Tuesday, December 9, 2014

St Kenneth's Chapel - Mull

Since it is very much off the beaten path, I do not think that St Kenneth's Chapel, also known as Caibel Mheamhair (the Chapel of Remembrance), at Laggan on Mull sees many visitors. But it should be seen, for it lies in a beautiful spot just above Loch Buie. Portions of the building date to between the 12th and 15th centuries, and in 1864 it was converted into a mausoleum for the Maclaines of Loch Buie. 

Chapel of St Kenneth - Laggan
I wanted to see the chapel due to its association with St Kenneth; the same saint who established a monastery on the island of Inchkenneth, twelve miles to the northwest. So when the opportunity arose to go ashore at Lochbuie during a Hebridean cruise, I made a two mile round-trip walk to the chapel. The chapel/mausoleum is in very good shape, having been extensively refurbished in 1972. Interred here are several Maclaine chiefs; most commemorated with simple memorials; although the memorial for Murdoch Maclain (The 21st chief:1791-1844) is quite extensive. 


Memorial to Murdoch Maclaine (21st Chief)
A good source for stories about the Macleans and Maclaines of Mull is Thomas Hannan's The Beautiful Island of Mull (1926). In it I learned about another Murdoch Maclaine, the 22nd chief (see last photo). When he died in 1909, a steamer full of dignitaries set out from Oban to attend the funeral but, as Hannan describes below, they did not make it:

Murdoch Gillian Maclaine, who served in the Carabineers, and some experience of the Franco-German War in 1870-1871 as correspondent of The Times with the German Army. He did a great deal to develop his estate by turning it into a fine sporting estate... His funeral was a thoroughly Highland ceremony, carried out in one of those intense sea-fogs which occasionally shroud the island.

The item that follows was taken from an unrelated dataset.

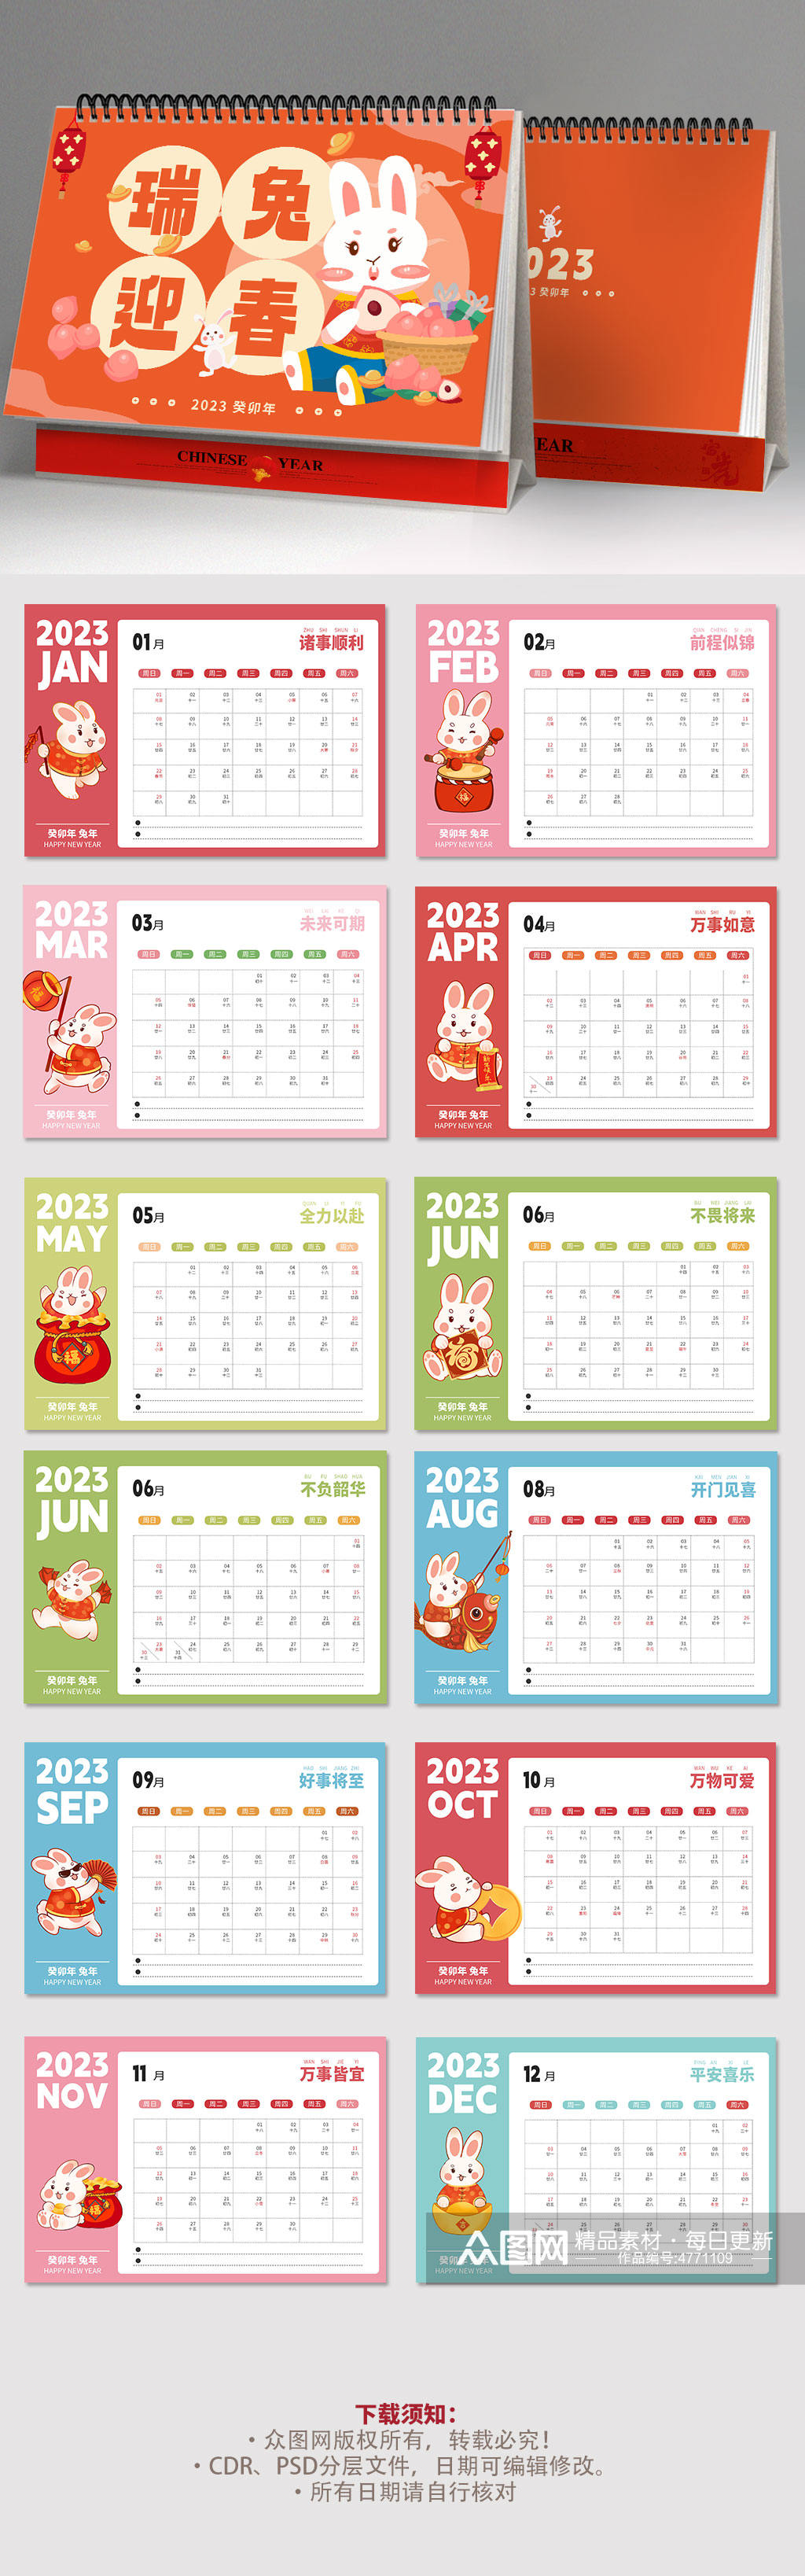 橘红色可爱2023年新年兔年台历日历设计素材

A steamer had set out from Oban with a great company of Chiefs and others from the mainland, but it was not able to enter the loch (Lochbuie). Those on board were able to hear the wailing of the pipes as they played the lament, but the steamer had to return without its passengers taking part in the funeral service.

It must of been quite eerie, hearing the pipes echo across the sea from a fog shrouded chapel on a remote headland of Mull. For more info on St Kenneth's Chapel see this RCHAMS Link.


Memorial to Murdoch Maclaine (22nd Chief)

1 comment:

  1. Well worth a visit. This historic building does not get the attention it deserves as a resting place for members of the Clan MacLaine and a building dedicated to St Columba’s contemporary St Kenneth, the patron saint of the ship wrecked - how appropriate in a place dominated by the blast from the North Atlantic. Nearby is Castle Moy.